Между тем против царя поднималось всеобщее недовольство. Бесстыдная алчность первого министра истощала казну и являлась причиной голода в стране; войско, не получавшее жалованья, возмущалось. Честолюбцы пользовались неурядицей, царившей благодаря слабому правительству Михаила; в Европе Никифор Вриенний провозгласил себя императором; в Азии Никифор Вотаниат облекся в порфиру, поддержанный феодальной знатью и даже частью сената. Между правительством и претендентами Алексей Комнин лавировал крайне искусно и, не становясь ни на чью сторону, тем вернее упрочивал собственное положение; и скоро он стал казаться таким необходимым человеком, что все партии добивались союза с ним и старались им завладеть. Он воспользовался очень искусно обстоятельствами, чтобы обеспечить себе успех.

Незадолго перед тем Алексей потерял жену. Взамен ее ему предлагали две одинаково блестящие и полезные партии. Император предлагал ему руку своей сестры Зои, кесарь Иоанн желал выдать за него свою внучку Ирину. Имея выбор между этими двумя браками, Комнин легко сообразил все выгоды второго, который, соединяя интересы двух самых знаменитых в Византии аристократических родов, обеспечивал в будущем неоценимую поддержку его честолюбивым планам. Он решился выбрать Дуков. Но это решение натолкнулось со всех сторон на крайние препятствия. Император, оскорбленный тем, что отвергли союз с ним, выказывал к нему явную враждебность; но что было еще удивительнее, сама Анна Далассина противилась теперь желанию сына: давнишняя и упорная ненависть к Дукам затемняла на этот раз всегдашнюю ясность ее суждения и заставляла ее пренебречь явной выгодой ее дома. Вот тут-то и проявились политическое чутье и дальновидная стойкость Алексея. Все время заверяя, что он никогда не пойдет против воли матери, он тем не менее ни в чем не поддался ее увещаниям; действуя необычайно терпеливо и тонко, он задумал заставить ее отказаться от своих предубеждений и с помощью ловкой дипломатии своей будущей свекрови он в конце концов одолел все затруднения. Анна Далассина скрепя сердце дала согласие; добились также и соизволения царя, и в конце 1077 года свадьба была отпразднована. Анна Далассина, как это видно будет дальше, затаила против своей невестки упорную злобу, тем более силь-{215}ную, что ей пришлось в этих обстоятельствах в первый раз в жизни подчинить свою волю воле сына.

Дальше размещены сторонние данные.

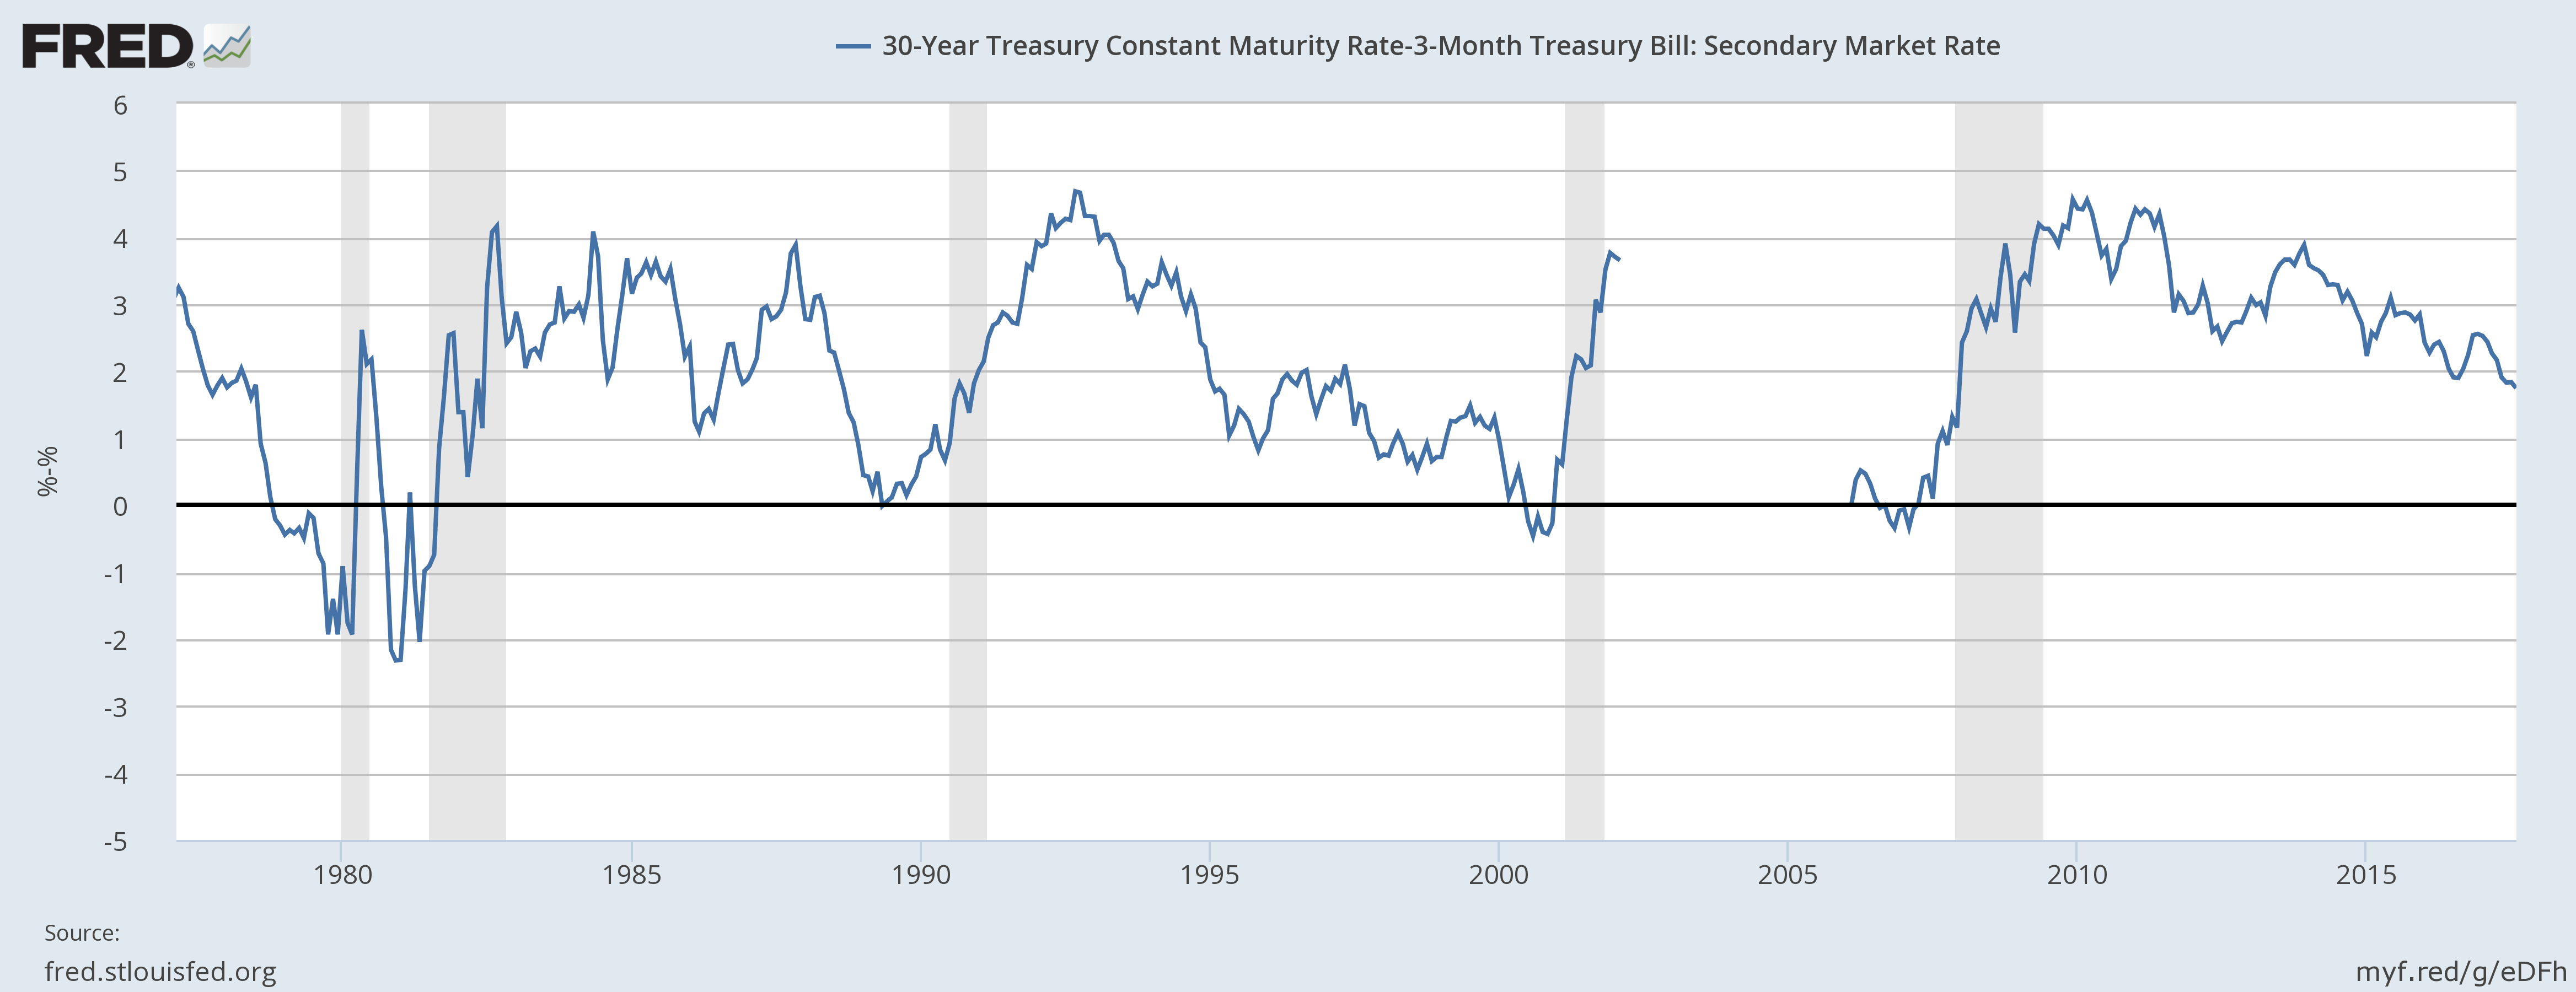 30-Year Treasury Constant Maturity Rate 3-Month Treaury Bill

Надо, однако, заметить, что в этой распре правда была на стороне Алексея, а не его матери: дальнейшие события подтвердили это. Союз с Дуками представлял в его игре большой козырь; он позволил ему между всеми имеющимися налицо партиями оказать свою поддержку там, где это было ему выгодно, и стать действительным хозяином положения. Сначала он оставался верен существовавшему правительству: в начале 1078 года он разбил в Македонии Никифора Вриенния. Но когда, несколько позднее, Вотаниат свергнул с престола Михаила VII, Комнин счел более выгодным примкнуть к новому правительству. Такое драгоценное сообщничество получило свою заслуженную награду: Алексей был возведен в должность великого доместика схол, получил титул новилиссима и стал действительно главным защитником и лучшей опорой царя. Он вторично разбил Никифора Вриенния, затем уничтожил другого мятежника, Василака, и обоих их доставил пленными к стопам императора. Эти успехи были увенчаны новым почетом: его сделали проедром. Но в особенности способствовали они увеличению его популярности. Благодаря своим блестящим победам он сделался кумиром войска, приветствовавшего его при всяком случае и не желавшего иного начальника, кроме него. Своей женитьбой он привлек на свою сторону большую часть феодальной аристократии, так как олицетворял собою их требования, и, сверх всего, он приобрел поддержку патриарха, слепо преданного Дукам. Наконец, своей привлекательной внешностью, окружавшим его ореолом славы он нравился толпе. Алексей Комнин был вправе питать всякие надежды.

IV

В это самое время император Никифор Вотаниат становился все более непопулярным. Его министры, как некогда министры Михаила VII, расхищали с большим трудом собранные деньги, и так как казна находилась в крайне бедственном положении, лихоимство императорской бюрократии еще увеличивало недовольство. Войско, все более и более недовольное слабостью правительства, управлявшего государством, раздражалось, что его держат в пренебрежении, мало ему платят, постоянно приносят в жертву интересам гражданской администрации. Азиатские полки роптали; в столицах варяги, самая, по-видимому, верная и надежная часть стражи, возмущались, и эти бунты с трудом подавлялись. Вотаниат вдобавок был стар, лишен энергии, немножко смешон. Со всех сторон требовали новую династию, и возмущение Ники-{216}фора Мелиссина, провозгласившего себя царем в Азии, было явным знаком грозного и близкого кризиса.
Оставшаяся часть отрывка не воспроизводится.